Unconventional Work

 

In a 2001 press conference, then-Secretary of Defense Donald Rumsfeld trotted out a photo of American Special Forces soldiers on horseback in Afghanistan. That image of Task Force Dagger became an early representation of our adaptation to the unconventional warfare we’d just engaged in.

Among the millions of Americans struck by the image was sculptor Douwe Blumberg.  Nine months after seeing the photo he’d produced an 18-inch-tall bronze sculpture of a Green Beret riding and an Afghan horse.

Nearly ten years later, on this past Veteran’s Day, an 18-foot-tall, 5,000-pound replica of Blumberg’s horseman was paraded down Fifth Avenue in New York City with members of the team depicted and the artist in tow. It’s the first publicly accessible monument dedicated to Special Forces, and its final resting place will be overlooking Ground Zero.

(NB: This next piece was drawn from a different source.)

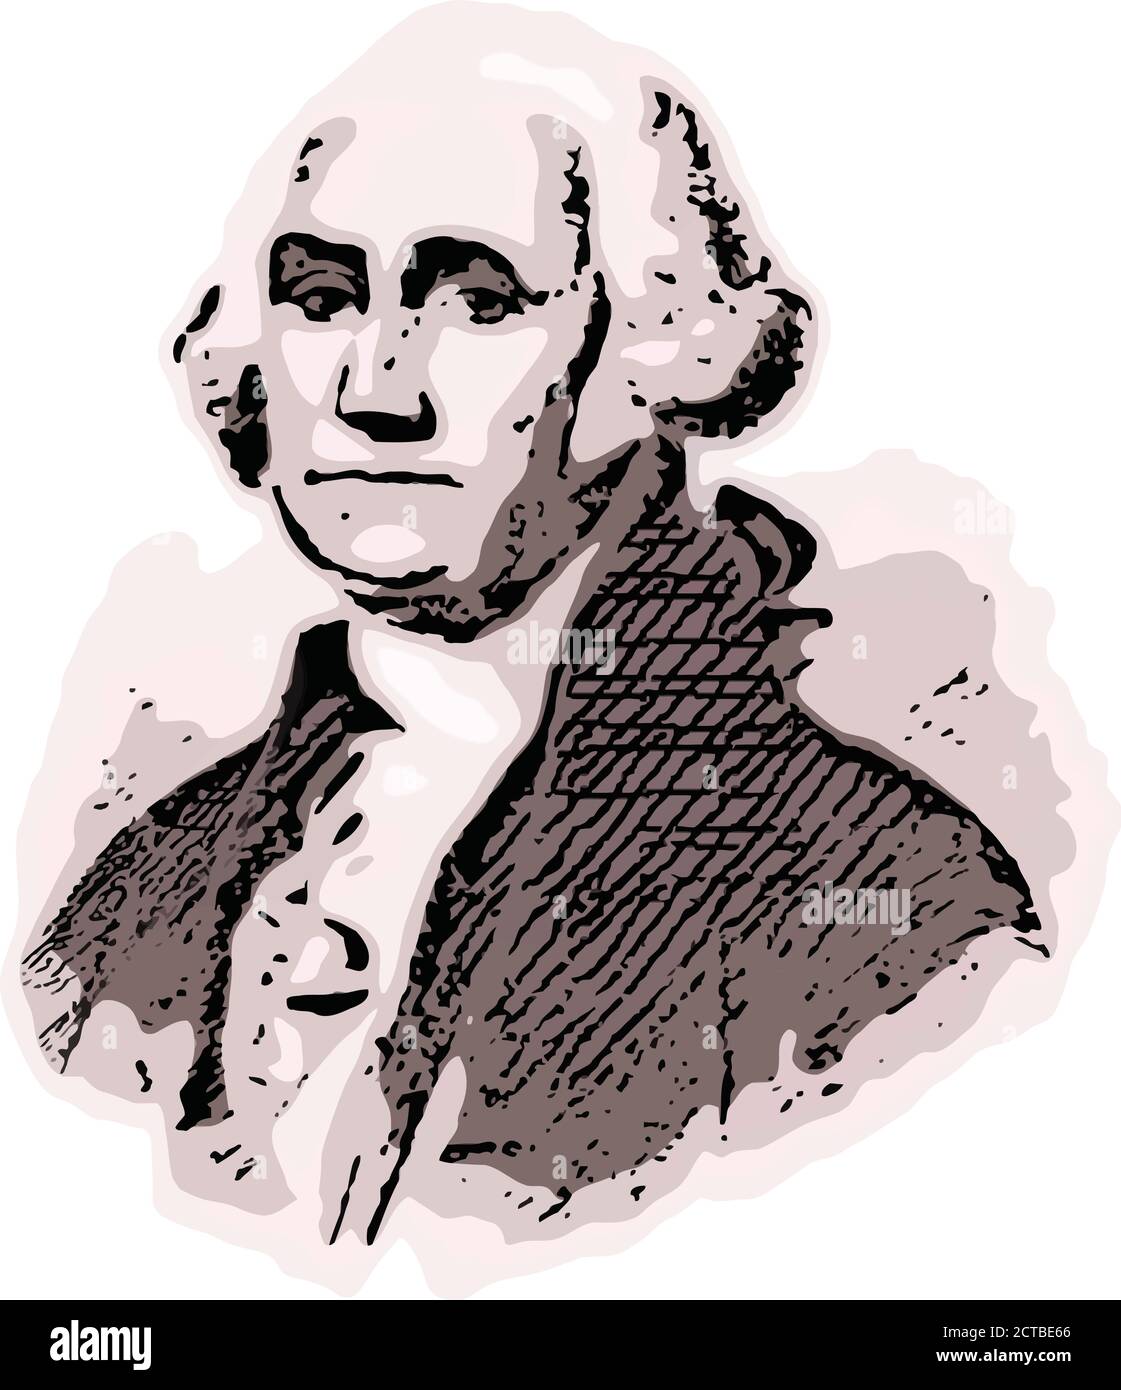 Vektor-Porträt von Präsident George Washington. George Washington (1732 – 1799) war ein amerikanischer politischer Führer, Militärgeneral, Staatsmann und Fou Stock Vektor

There’s also a chunk of the World Trade Center embedded in the base of the statue. But in more ways than just a Green Beret using a horse as transportation, the statue represents the kind of war we’ve found in Afghanistan.

“The mounted warrior is such an iconic image, connected to both our past and present,” Blumberg says. “In a way, it shows the continuity of unconventional warfare.”

The continuity of unconventional warfare, in the case that this statue represents, doesn’t begin with the attacks of 9/11. And when the last US Regular pulls out, that will probably only be the official end of war in Afghanistan for the US.

In Afghanistan, where war has more or less been a part of life ever since humans there organized themselves, riding horses into combat has been a fairly regular occurrence. Neither is foreign intervention new to the area.

The Green Beret is riding a “Lokai” horse that shows “Tersk” breeding. Which means the horse is full of Eastern European blood brought in with the Soviet Union to Afghanistan in the 1980s. A few horses weren’t all the Soviets lost there, and it’s safe to say there was little they would call conventional about war there.

Though Blumberg’s statue, which is called De Oppresso Liber (Latin: To liberate the oppressed), depicts merely a blink of the experience, the statue is accurate.

All you need to know about making the work accurate is that members of Task Force Dagger were in the shop with Blumberg. The last thing they were going to let happen was an inaccuracy in the gear. It’s no secret how those guys feel about gear.

Doug Stanton wrote a New York Times bestseller called Horse Soldiers about the team, its mission, and its use of horses. He walked down 5th Avenue with Blumberg, the team, and the statue on Veteran’s Day this year. And he is well convinced of the statue’s accuracy.

“The proof is stand there with the guys as they admire it,” he says, “and hear them say, “Yeah, he got it right.’”

Blumberg went to Fort Campbell and met with the team. Always excited to see a civilian tell their story to the rest of the world, the team was standoffish and quiet at first. But once Blumberg convinced them of his commitment to getting it right, he couldn’t get them to shut up. They sent him saddles they had brought back after their tours, they shipped him their lockers of gear, they gave him photos that he wasn’t allowed to copy or show anyone else.

And he only had six months from the time the military commissioned him to complete the statue before Veteran’s Day.

“We must have set some kind of record with only six months to make it,” he says. “It took a lot of people and a lot of overtime hours and a lot of work to get it done.”

But the diligence and the sweat and the overtime hours have produced a long-standing symbol of the service and sacrifice of the Special Forces.

“It personifies the unconventional warfare skills and martial prowess those young men,” says Max Bowers, who was a Battlion Commander of the mounted teams. “It captures forever a moment in time when only those men could do what their nation asked.”